Our results agree with recent reports on the outcomes of IVF treatment and early pregnancies among COVID-19 patients. Several studies have examined peak serum estradiol, oocyte yield (including mature oocytes), fertilization rate, embryo quality and clinical pregnancy rate in COVID-19 recoverees, and most found no difference between recovered and non-exposed groups [11,23,24]. These studies included only mild cases and were similar to the patients in our study. One study, however, found lower oocyte yield in the COVID-19 group, when the interval from disease to treatment cycle was at least 6 months [24], suggesting a possible long-term effect on follicle recruitment. Another study [10] found lower oocyte yield among recovered COVID-19 patients over 35 years of age, suggesting older age increases vulnerability to the effects of the virus. All the patients in the study group were asymptomatic or presented mild COVID-19 symptoms; hence, the severity of the disease was not related to the difference in the results. Interestingly, a small study from Israel showed similar IVF treatment outcomes among couples recovering from COVID-19, but with significant decreases in the number of top-quality embryos [25]. The difference may be due to the small sample size (nine couples).
In a review article by Carp-Veliscu et al. [26], four studies compared serum anti-Mullerian hormone (AMH) between people recovering from COVID-19 with different levels of severity and non-exposed controls. Three of the four reported no detectable differences in AMH. However, one study reported lower AMH levels among the COVID-19 recoverees and higher FSH levels, suggesting a smaller functional ovarian reserve. The authors note that the patients in this study presented with mild COVID-19 symptoms upon admission, and that most were treated with antiviral and even antibiotic therapy. The median age in the study group was 43 years. These characteristics might explain the difference in results compared to other studies.
Levi-Setti et al. [27] reported that the rate of pregnancy loss among IVF patients recovering from COVID-19 was not affected. Similarly, Calvo et al. [28] reported on the perinatal outcomes of 1347 pregnant women, among whom 74 conceived following IVF. This multicenter study compared the rates of early pregnancy loss, pregnancy complications, and mode of delivery according to COVID-19 disease status. The only difference found was a significant increase in the rate of cesarean sections among recovered patients. In these studies, most of the patients experienced mild COVID-19 disease.

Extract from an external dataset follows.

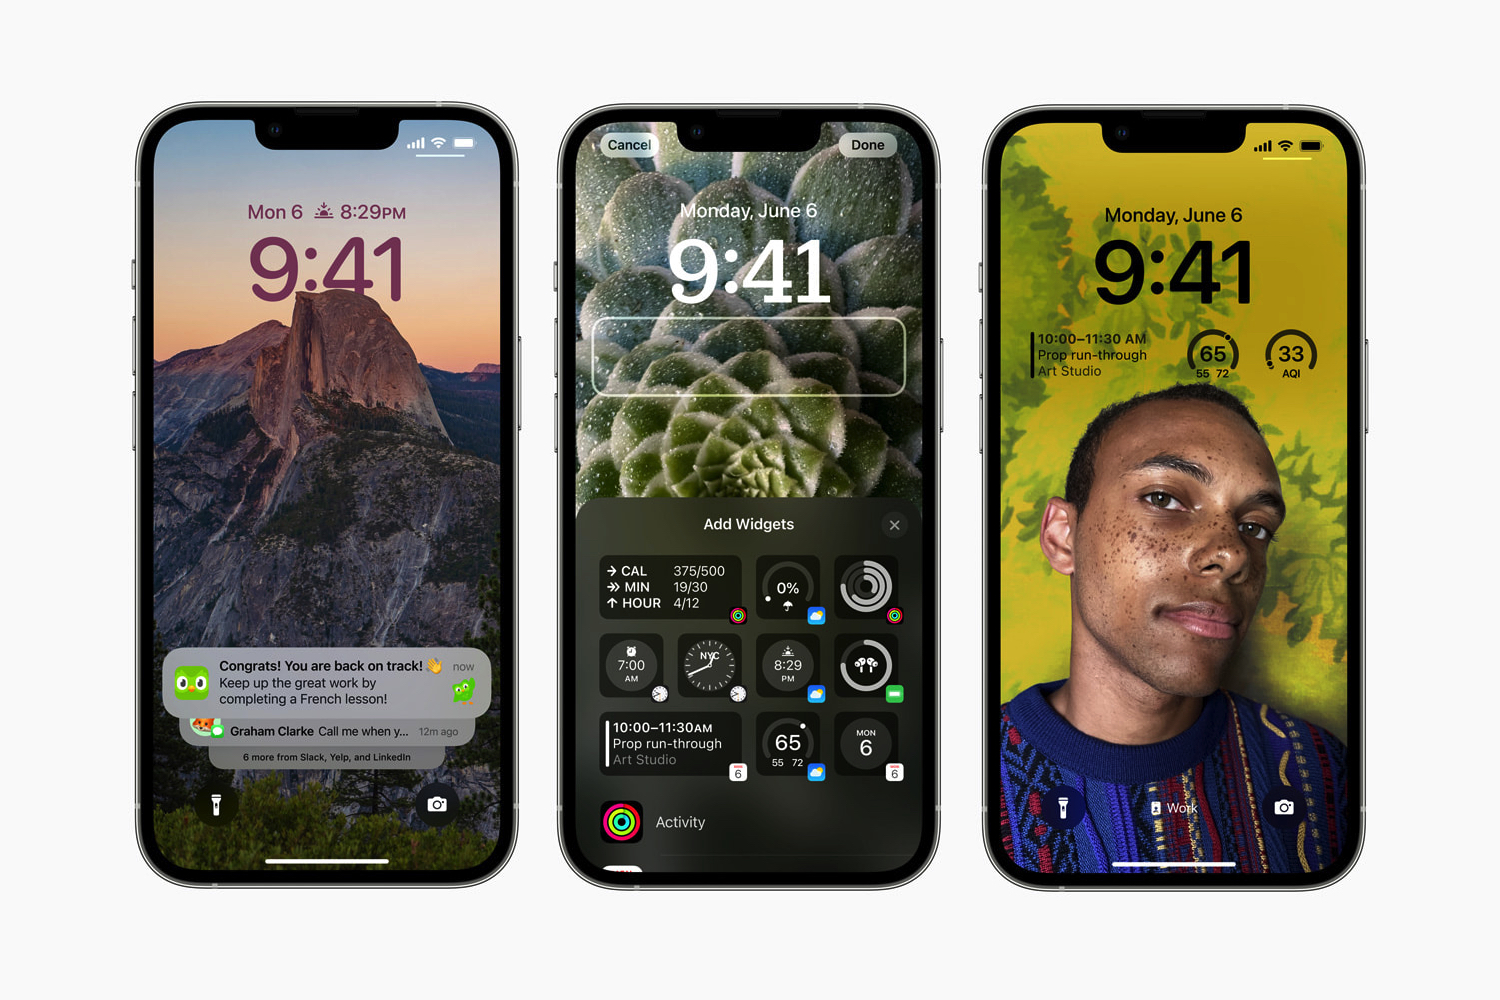 Smartphone Lock Screen Screensaver Wallpapers iPhone

The following studies did not necessarily include pregnancies achieved through in vitro fertilization or only early stage of pregnancy; however, they provide additional reassurance regarding outcomes related to infection during pregnancy. First is a systematic review and meta-analysis [29] that examined the risk of intrauterine fetal demise after 20 weeks of gestation and neonatal death in recovered versus non-exposed patients on admission to delivery. No significant difference was found between the groups. The authors reported that there was no significant increase in the risk of preterm birth or maternal death. A second meta-analysis compared the outcomes of over 2 million births during the pandemic to over 28 million pre-pandemic births. The study showed that pregnancies during the pandemic were associated with a lower rate of spontaneous preterm birth, with similar odds for stillbirths [30].

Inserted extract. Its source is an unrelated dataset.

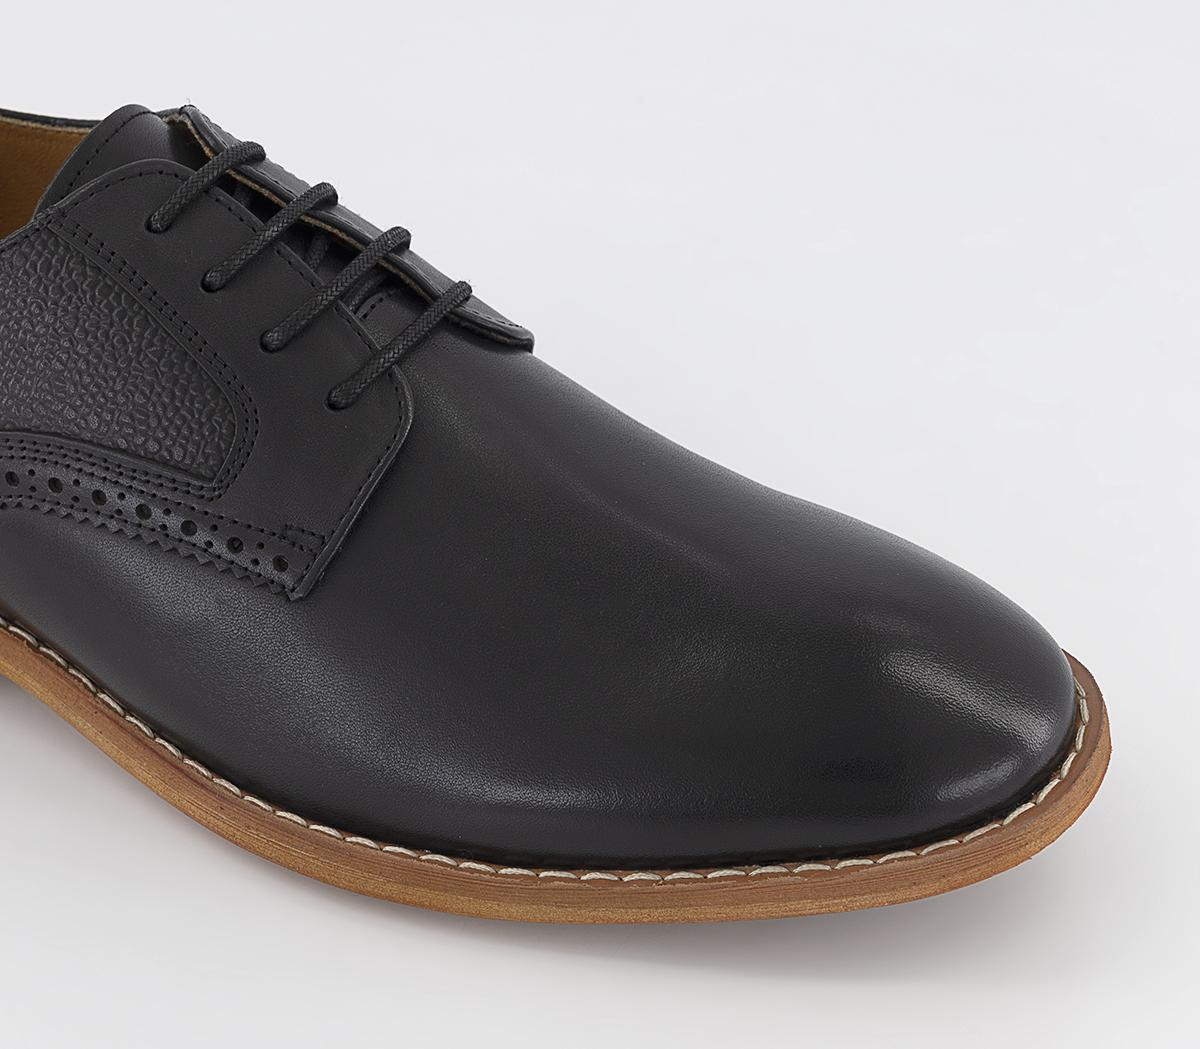 OFFICE Martley Pebble Grain Quarter Derby Shoes Black Leather - Men’s ...

However, a study conducted in California that included 43,886 pregnant women, of whom 1332 had contracted SARS-CoV-2 during pregnancy, found increased risk for severe maternal morbidity, preterm birth, and venous thromboembolism, suggesting infection may be associated with increased risk for perinatal complications [31]. Most of the patients were of Hispanic origin and had underlying diseases, including autoimmune diseases, allergies, and chronic hypertension. In addition, the authors pointed out that they were unable to assess the severity of illness or symptoms associated with SARS-CoV-2 infection, although 23% of patients were hospitalized after infection while in our study none of the patients were hospitalized due to COVID-19-related morbidity.

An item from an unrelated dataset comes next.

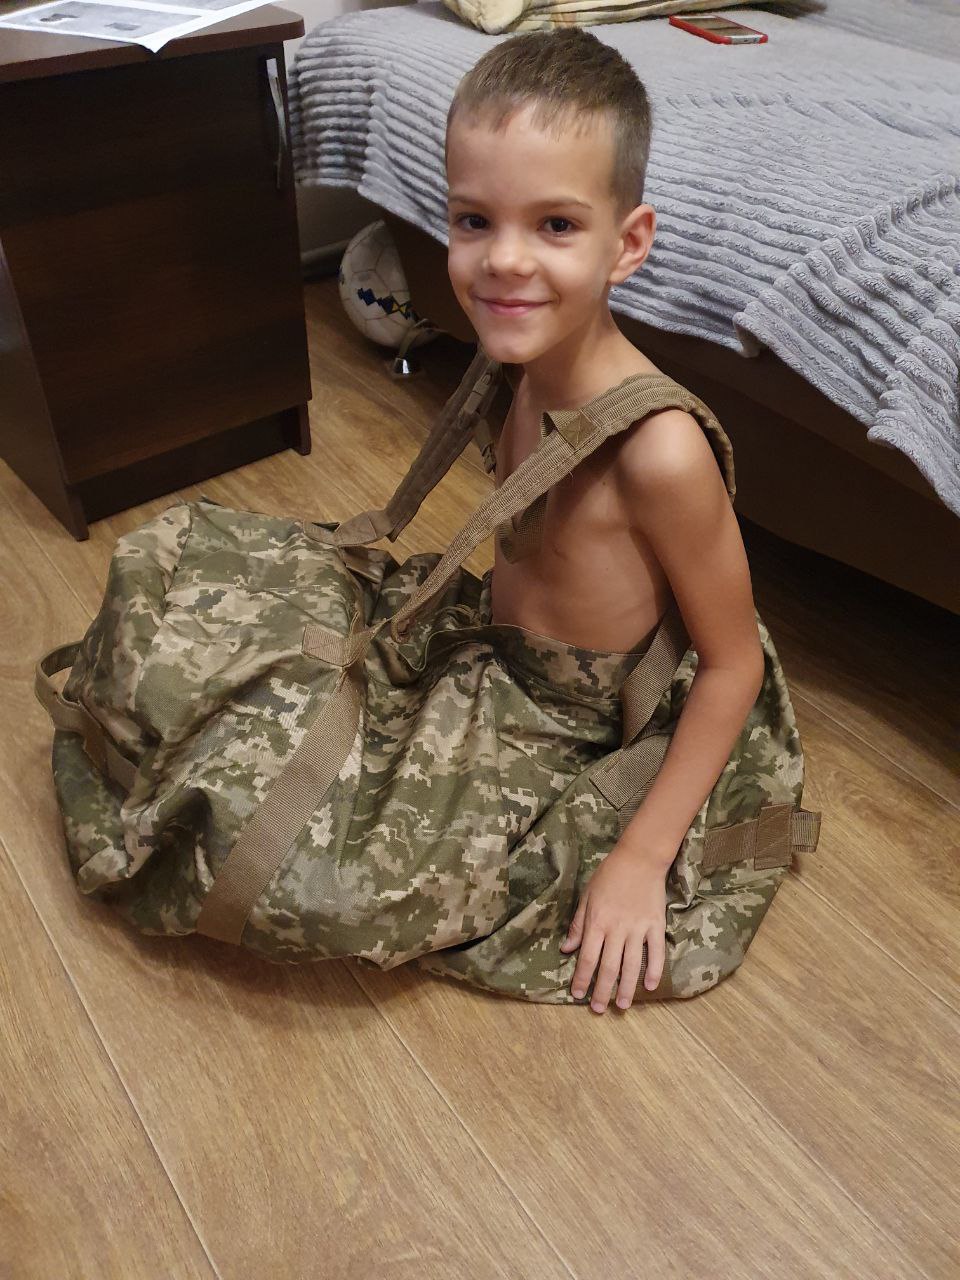 “Сын хочет стать военным, а я боюсь об этом и думать”: украинская защитница — о своем опыте материнства на расстоянии 4

In the current study, male partners had reduced sperm concentrations after recent recovery from COVID-19. These results are consistent with several studies that examined the effect of COVID-19 infection on sperm parameters. Three systematic reviews and meta-analyses showed a decrease in sperm concentration after exposure [32], with two also finding a decrease in sperm motility [33,34]. The clinical course of the participants’ disease in these studies was of varying degrees of severity. Another study [35], which included 41 participants with mild COVID-19 disease, showed a significant decrease in sperm concentration after exposure. However, all participants received antiviral treatment, and according to the authors, the effect of this treatment on sperm parameters is unknown.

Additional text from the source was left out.